How do I do this in PHP?

Discussion in 'Programming/Scripts' started by edge, Jun 21, 2006.

  1. edge

    edge Active Member Moderator

    I would like to use ImageMagick's identify within PHP to identify an image!

    Problem (for me as I'm new to PHP), is how do I return the result(s) that are in an Array?

    When I run identify /var/www/web1/web/tmp/upload/test.jpg from a SSH session I get this: JPEG 90x69 DirectClass 2kb 0.000u 0:01

    All I need the PHP code to returm is the JPEG

    This is what I have as PHP code till now.
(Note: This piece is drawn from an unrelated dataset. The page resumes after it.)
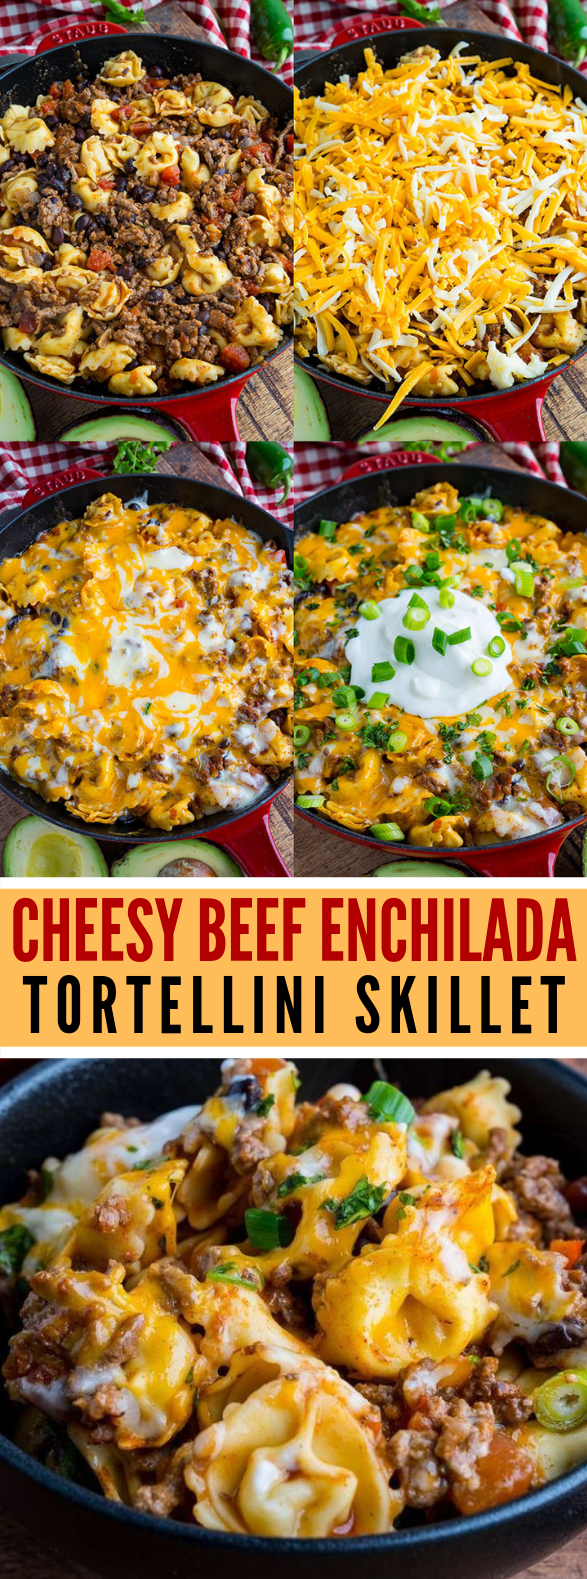 Cheesy Beef Enchilada Tortellini Skillet #dinner #cheese

    exec("identify /var/www/web1/web/tmp/upload/test.jpg");
    // the data returned is in an Array.
    // How do I show the value(s) from the Array?
  2. sjau

    sjau Local Meanie Moderator

    In your example it seems that JPEG is the first array element so you it is $result[0].

    Here's another neat little function that lets you display (multi-)dimensional arrays quite easily:

    So you could build a script like this:

  3. edge

    edge Active Member Moderator

    Thank you... The code looks nice :)

    I was just reading about the explode option in PHP, so I made this code;

    $str=exec("identify /var/www/web1/web/tmp/upload/test.jpg");
    $pieces = explode(" ", $str);
    echo $pieces[0]; // 1st value
    echo "<br>";
    echo $pieces[1]; // 2nd value
  4. sjau

    sjau Local Meanie Moderator

    well, if the exec functions returns an array then there is no need for exploding ^^
  5. edge

    edge Active Member Moderator

    But the array returned for: identify /var/www/web1/web/tmp/upload/test.jpg

    looks like this: /var/www/web1/web/tmp/upload/test.jpg JPEG 125x164 DirectClass 8kb 0.000u 0:01

    I only need the JPEG

    With the explode function I'm breaking the array at every 'space' it finds in the array.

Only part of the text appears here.